Short summary of the lock dep is:
1. sys_munmap() obtains [mm->mmap_sem] and calls indirectly
:: fb_release() obtains [fb_info->lock]
2. fb_ioctl() obtains [fb_info->lock] and calls indirectly
:: fb_notifier_call_chain() obtains [fb_notifier_list->rwsem]
3. driver_probe_device() calls indirectly
:: register_framebuffer() calls indirectly
:: fb_notifier_call_chain() obtains [fb_notifier_list->rwsem] and calls indirectly
:: sysfs_create_dir() obtains [sysfs_mutex]
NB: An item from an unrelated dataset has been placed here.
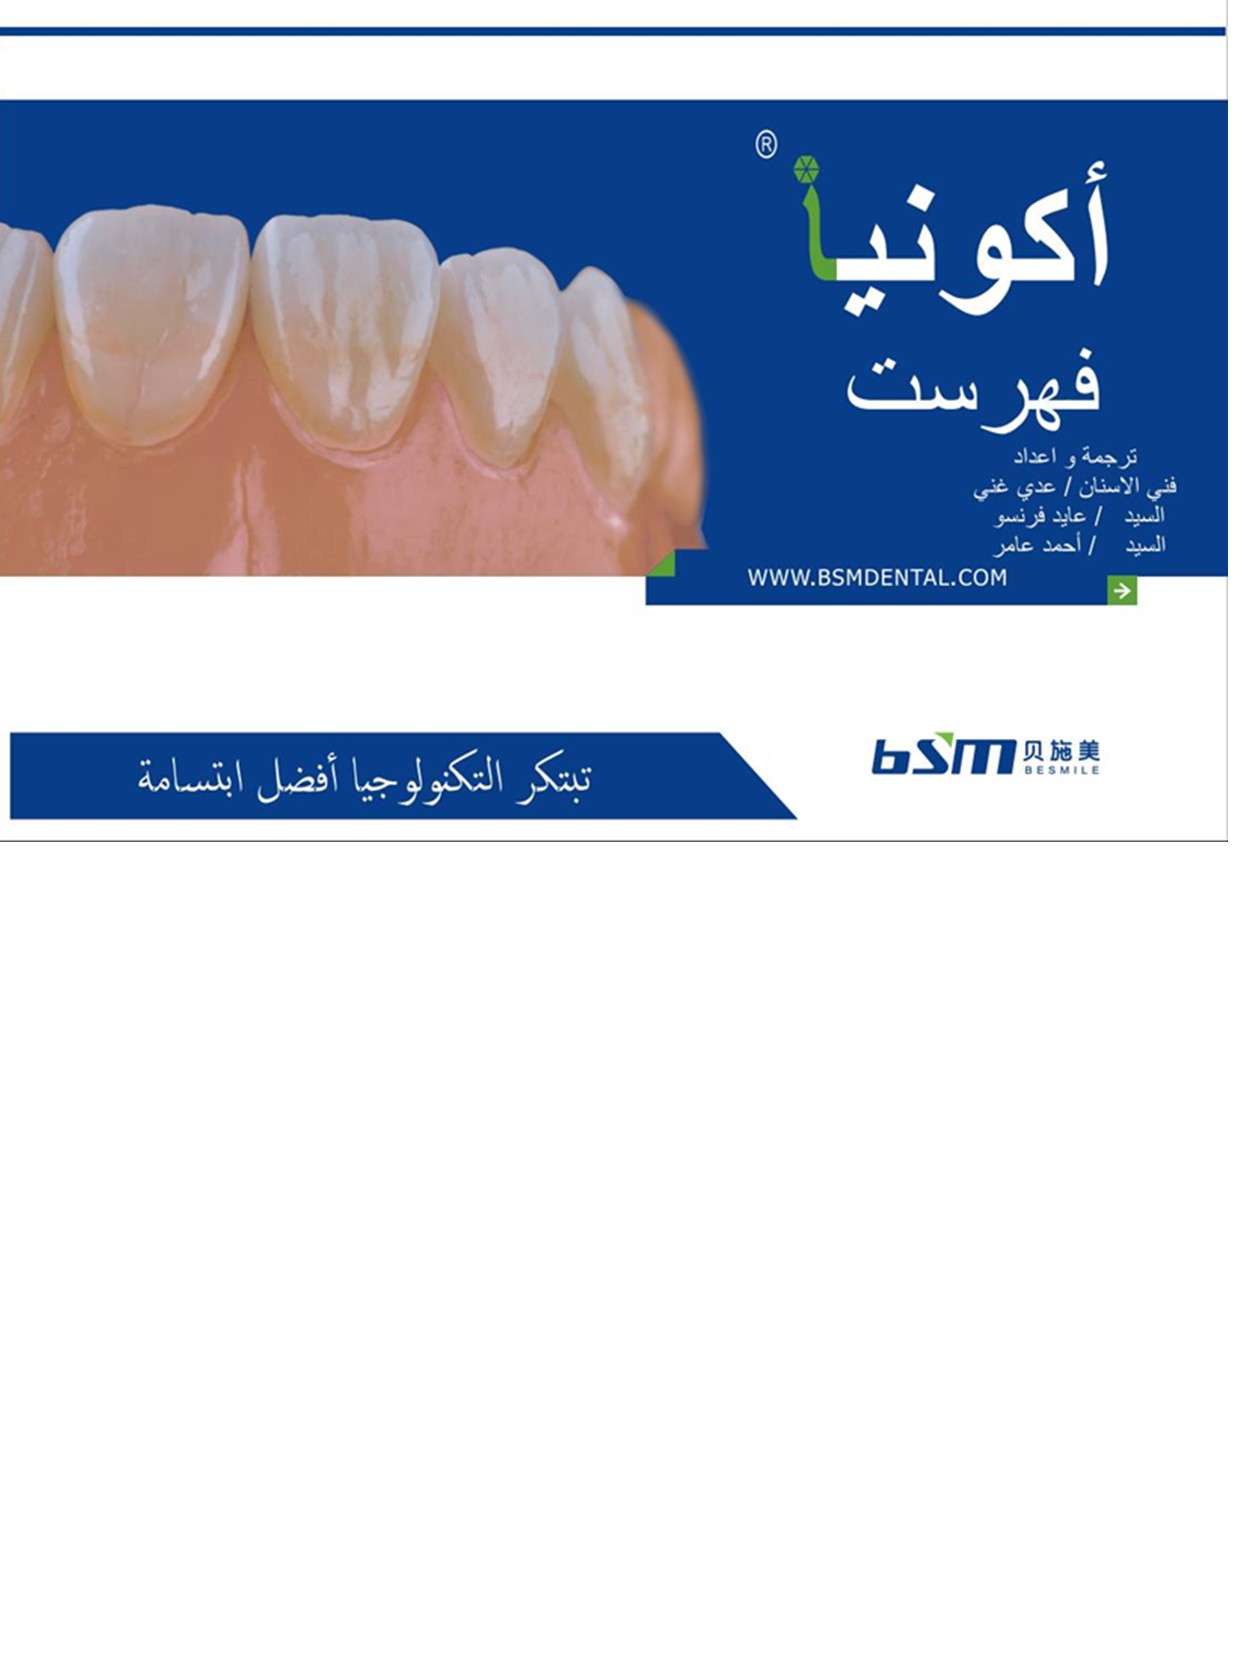 Aconia Catalogue Brochure-Arabic version

4. sysfs_readdir() obtains [sysfs_mutex] and calls indirectly
:: copy_to_user() obtains [mm->mmap_sem]
Revert the BKL to mutex conversion patch
(3e680aae4e53ab54cdbb0c29257dae0cbb158e1c) while keeping the patch which
made the fb_ioctl and the fb_compat_ioctl using a common function
(a684e7d33096892093456dd56a582cfc3bfad648).
This patch: revert
: commit 1f5e31d7e55ac7fbd4ec5e5b20c8868b0e4564c9
: Author: Andrea Righi <righi.andrea@xxxxxxxxx>
: Date: Wed Feb 4 15:12:03 2009 -0800
:
: fbmem: don't call copy_from/to_user() with mutex held
Signed-off-by: Krzysztof Helt <krzysztof.h1@xxxxx>
Cc: Andrea Righi <righi.andrea@xxxxxxxxx>
Cc: Geert Uytterhoeven <geert@xxxxxxxxxxxxxx>
Signed-off-by: Andrew Morton <akpm@xxxxxxxxxxxxxxxxxxxx>
---
drivers/video/fbcmap.c | 20 +----
drivers/video/fbmem.c | 135 +++++++++++++++++++--------------------
include/linux/fb.h | 15 ----
3 files changed, 72 insertions(+), 98 deletions(-)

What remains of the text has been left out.